PPF Investment: The biggest advantage of investing in Public Provident Fund (PPF) is not only the great returns but also that the government itself guarantees the safety of your money invested in it. The maturity period of this scheme is 15 years.
PPF Investment: In today’s time, in this era of inflation, everyone wants to save some of their income and invest in such a place where they not only get a strong return but also the money is safe. In this case, PPF Scheme is quite popular and along with getting more than 7 percent return, the government itself guarantees the safety of your investment. If you look at a calculation, you can raise Rs 10 lakh through this government scheme by saving just Rs 100 every day. Let’s know how…
Benefit of 15 years maturity and compounding
In terms of investment, there are many such schemes available in the market, which are offering great returns. However, the risk factor is also high in most of them. But there is no chance of risk in PPF investment, rather the government itself protects your investment. This account matures in 15 years and if the investor wants, he can extend it further. Apart from this, another benefit makes it popular as the best option, which is compounding, yes, the return on investment in PPF is given according to compound interest.
Minimum investment of Rs 500
By opening an account in this government scheme, you can start investing with just Rs 500 annually and can deposit a maximum of Rs 1.50 lakh in a year. If we look at the interest rate on investment in this, an interest rate of 7.1 percent is offered. However, it keeps getting changed by the government. The special thing is that by investing in this scheme, you can get more interest than the fixed deposit (FD Scheme) of many banks.
Now if we look at the calculation of getting Rs 10 lakh by saving Rs 100 daily, then according to this, you can save Rs 3000 every month and according to this, your one year savings will be Rs 36,000. Now if we look at the PPF calculator, if you invest in this manner till the maturity period of 15 years, then you will get a total of Rs 9,76,370. In this, the investment made by you will be Rs 5.40 lakh, while the interest given by the government will be Rs 4,36,370.
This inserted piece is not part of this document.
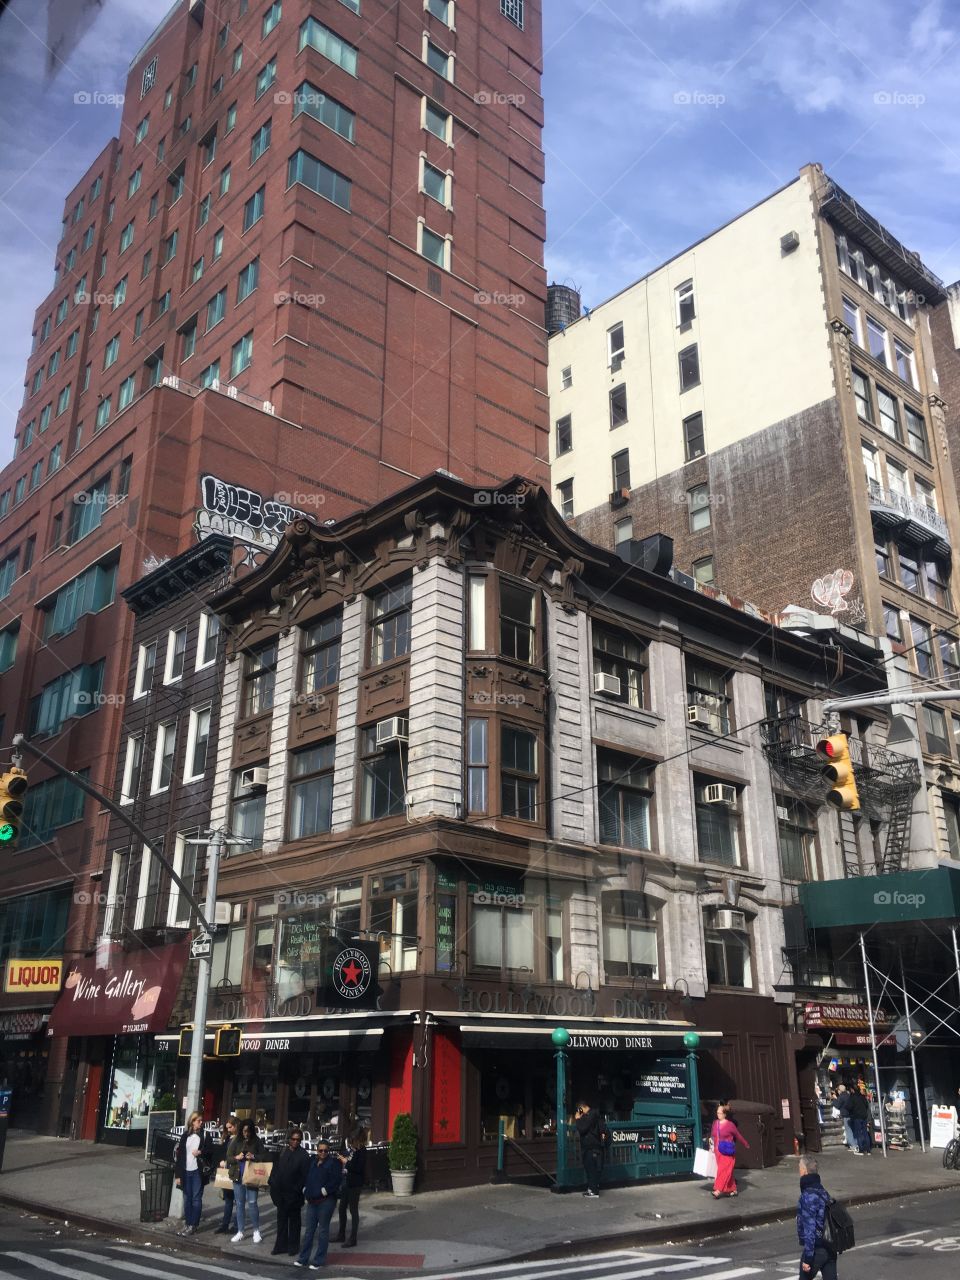 Buildings in New York City

You will get Rs 15 lakh in 20 years
Now as told that you can extend your PPF investment even after maturity, so in such a situation, if this investment is continued for 5 years, then more than double returns will be obtained. You will invest a total of Rs 7,20,000 in these 20 years and you will get Rs 8,77,989 from the interest alone. In such a situation, by saving just Rs 100 per day, you will have a fund of Rs 15,97,989 in 20 years.